INFORMATION SUPPLIED
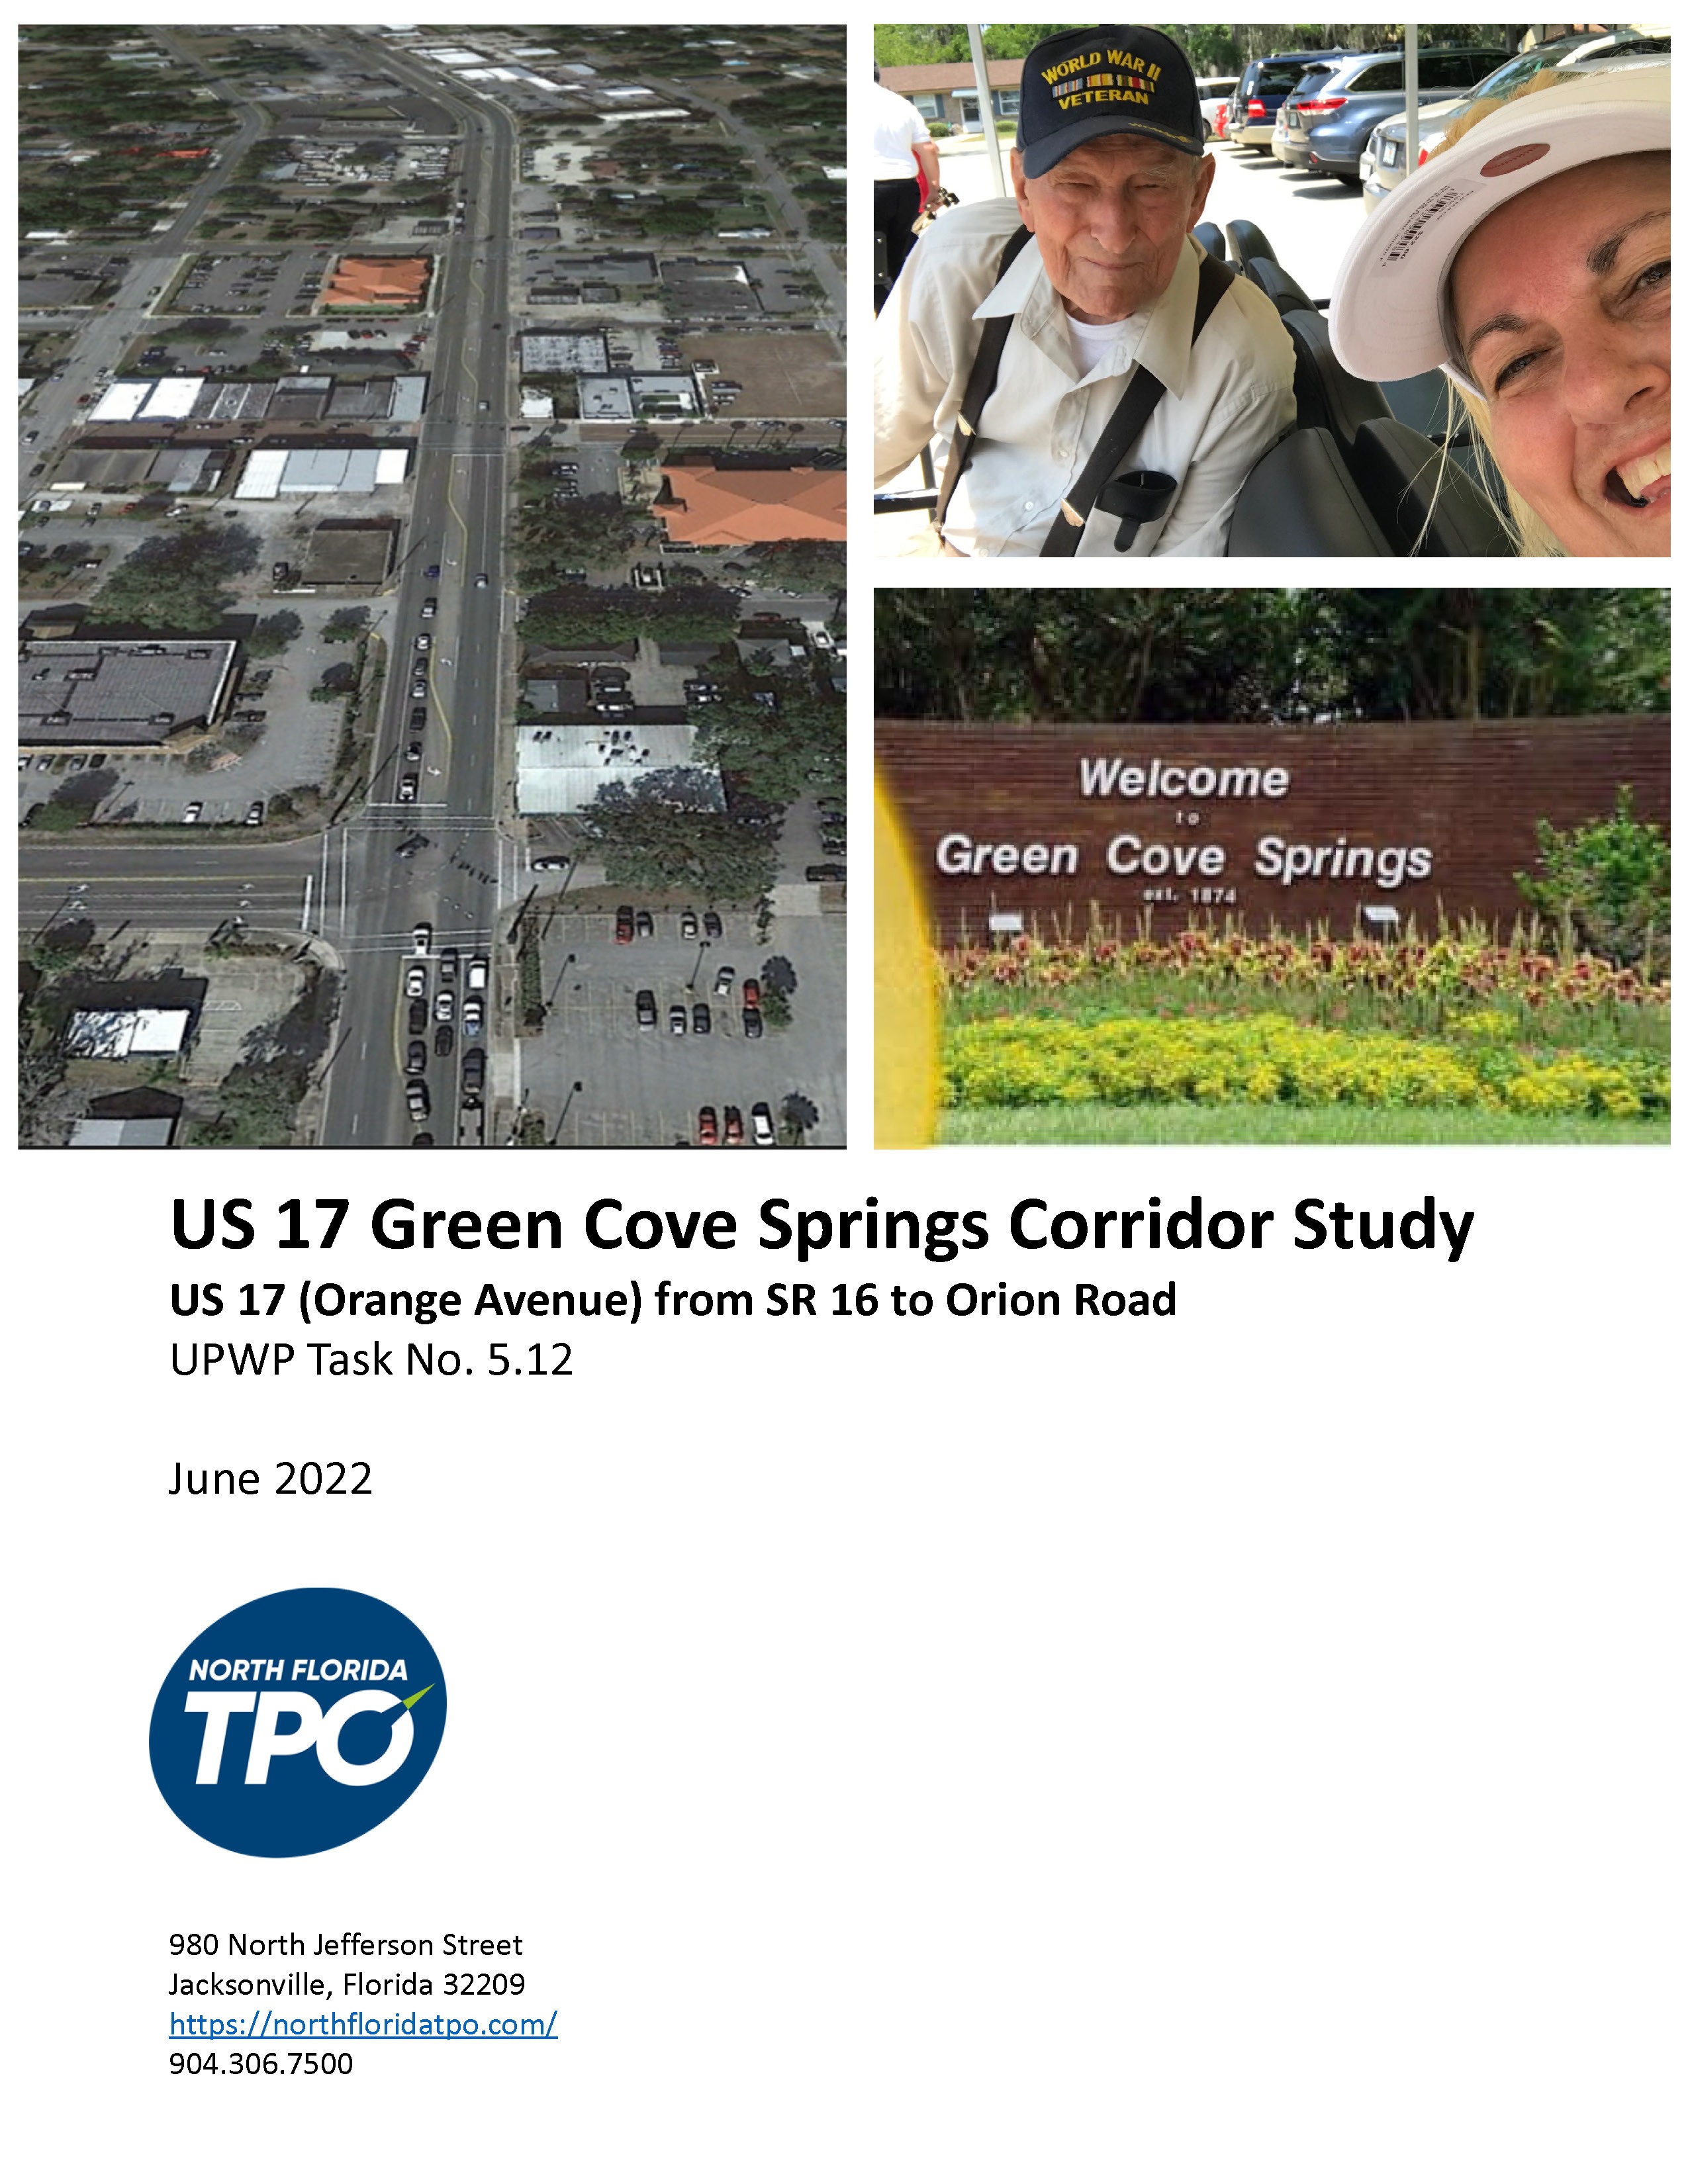 US 17 Corridor Study Cover
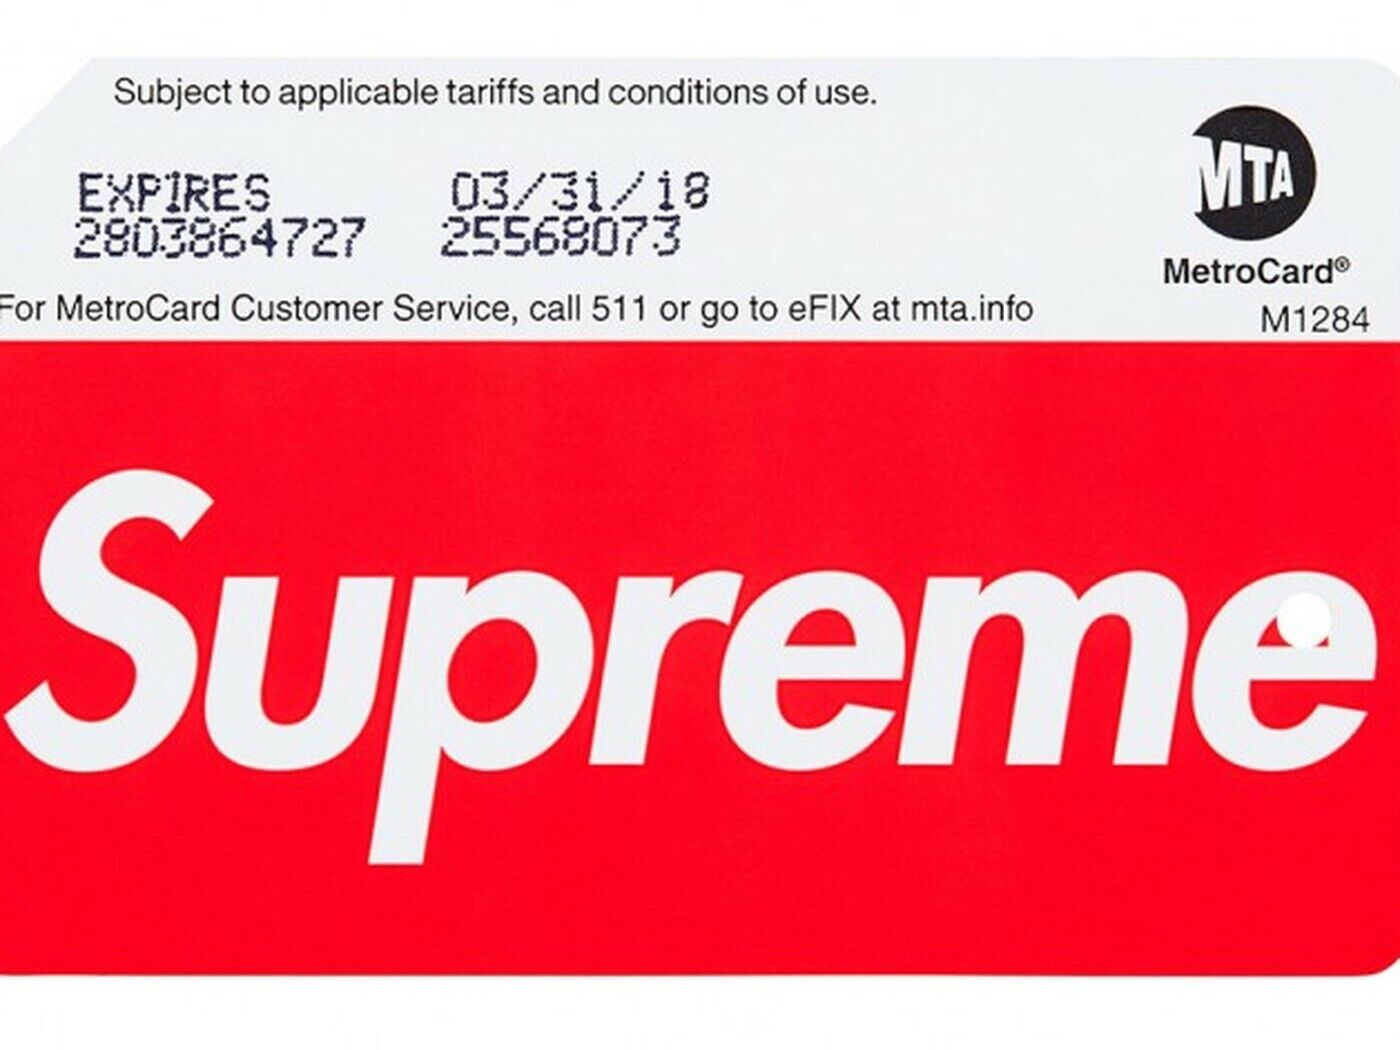 Supreme Metro Card Brand NYC MTA EXPIRED
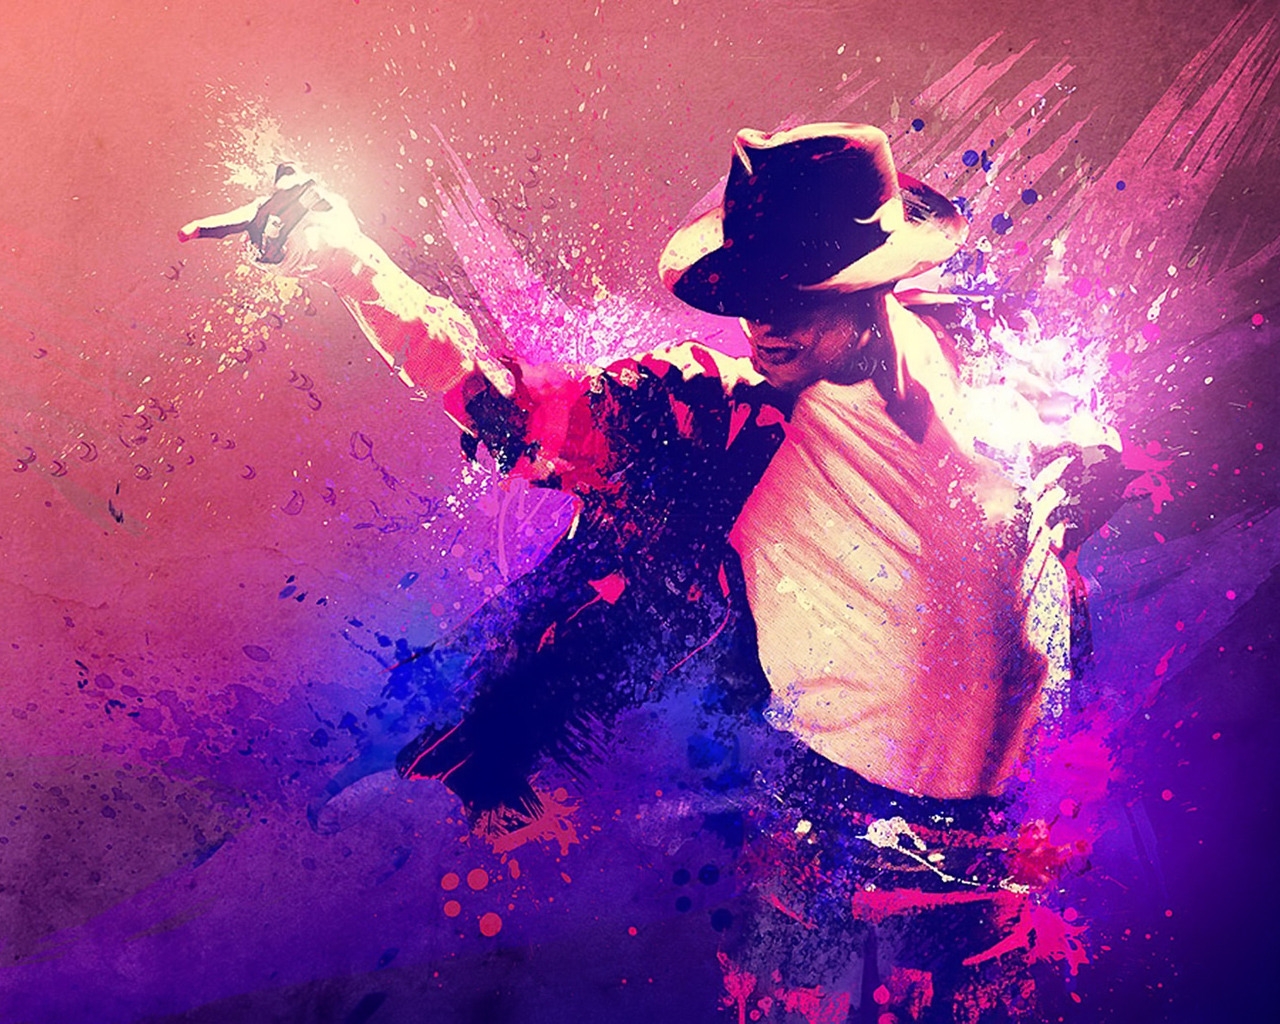 Michael Jackson Fanart for 1280 x 1024 resolution

EXERCISE GOAL
The reply should contain every line of the material exactly, and no images.

ANSWER BELOW
 US 17 Corridor Study Cover
 Supreme Metro Card Brand NYC MTA EXPIRED
 Michael Jackson Fanart for 1280 x 1024 resolution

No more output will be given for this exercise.